Please return the listing below word for word, minus its pictures.

# Dataset content
********
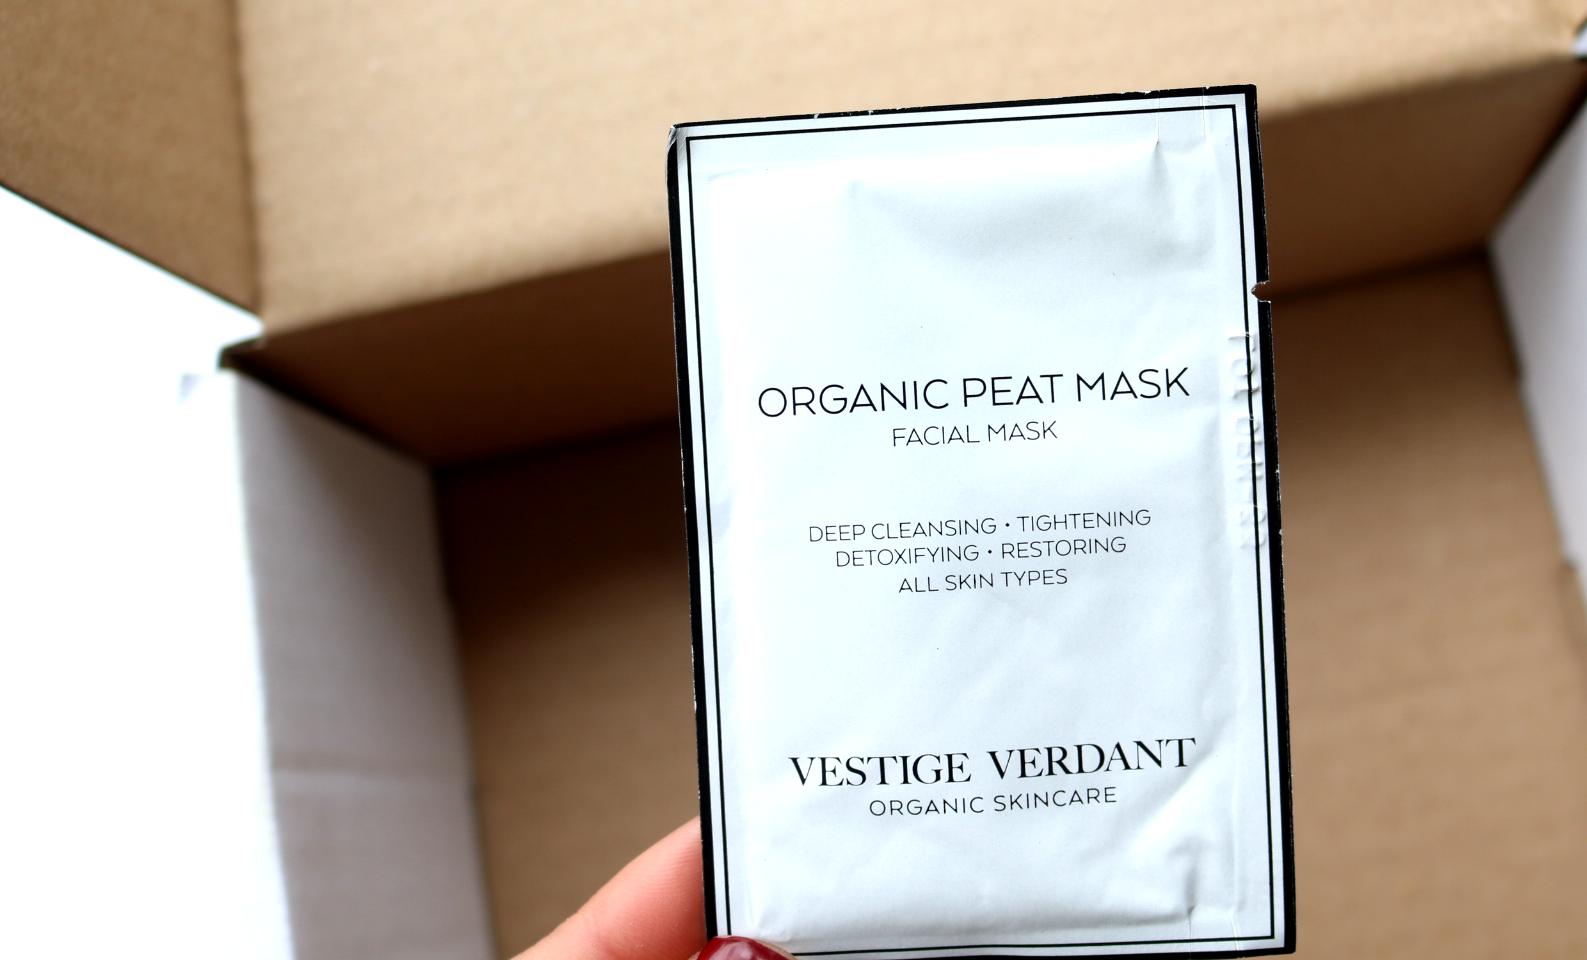 Vestige Verdant Peat Mask
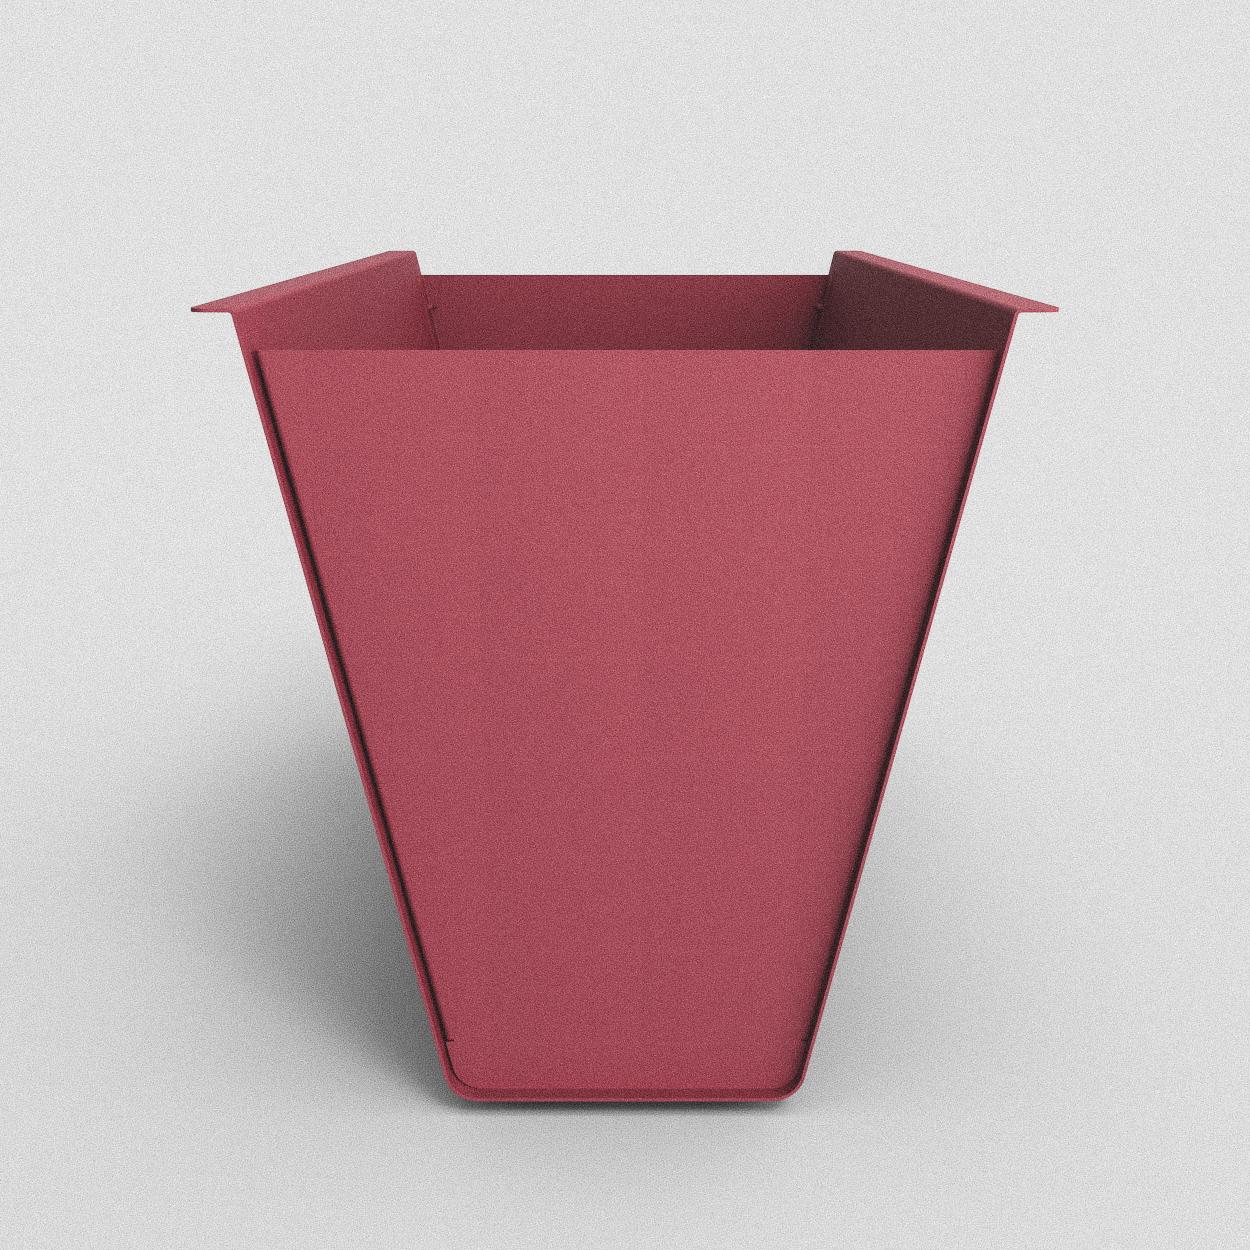 600L / Standardfärg: Lingon
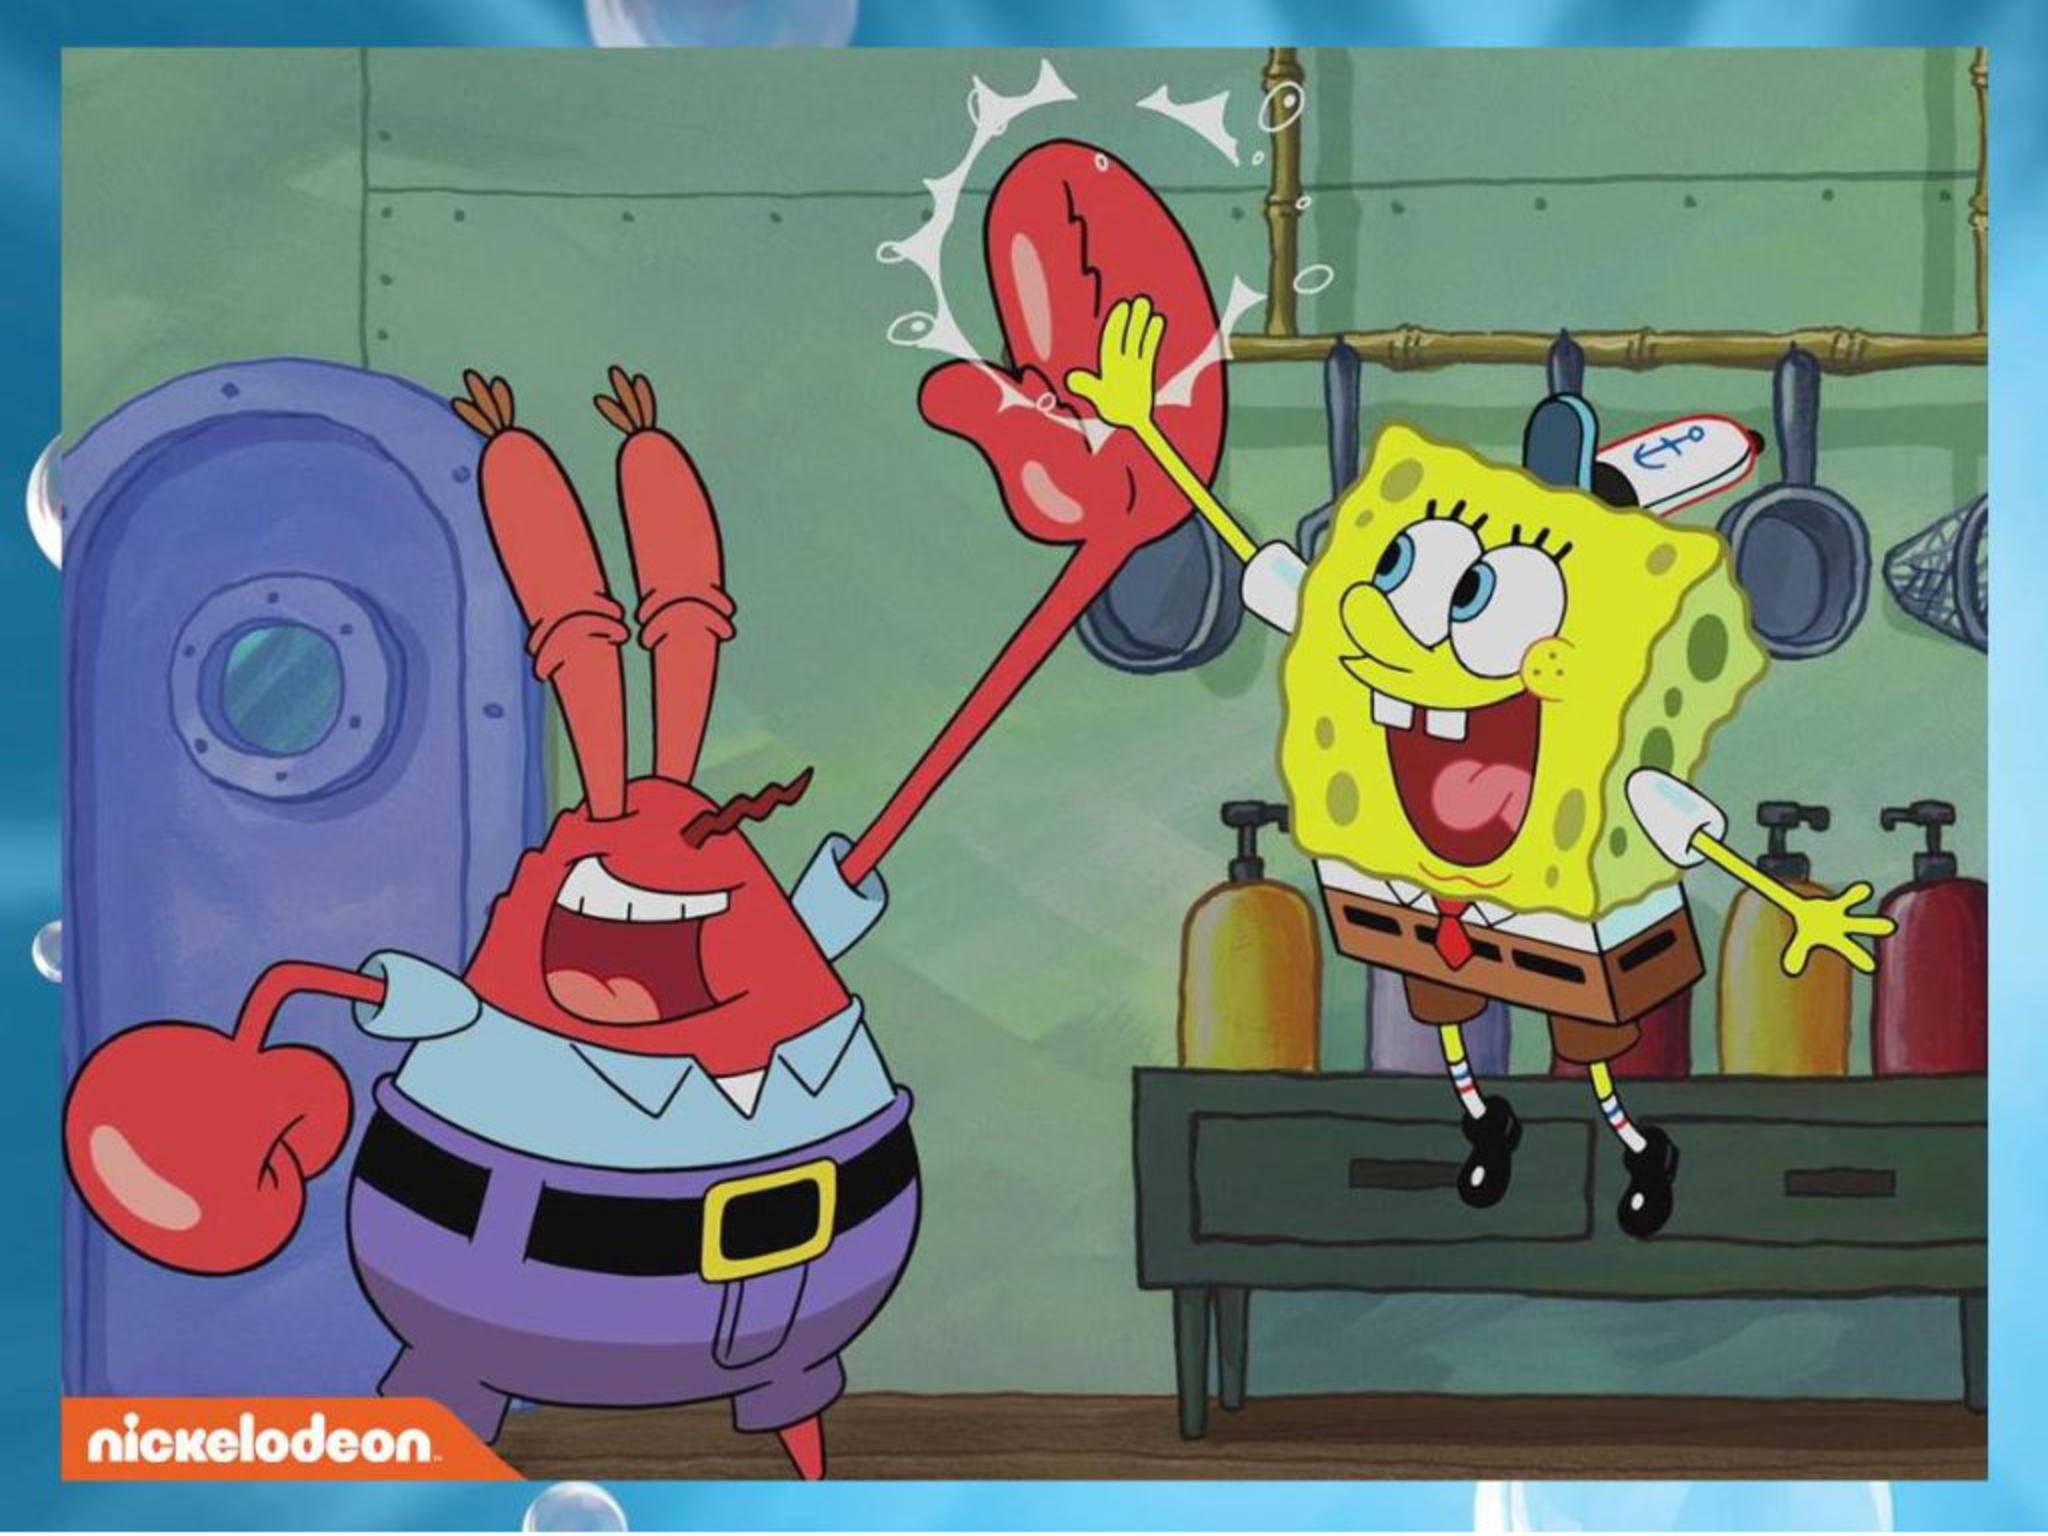 WhatsApp Bilder Facebook_SpongeBob Schwammkopf 1
********
# Answer to the problem
 Vestige Verdant Peat Mask
 600L / Standardfärg: Lingon
 WhatsApp Bilder Facebook_SpongeBob Schwammkopf 1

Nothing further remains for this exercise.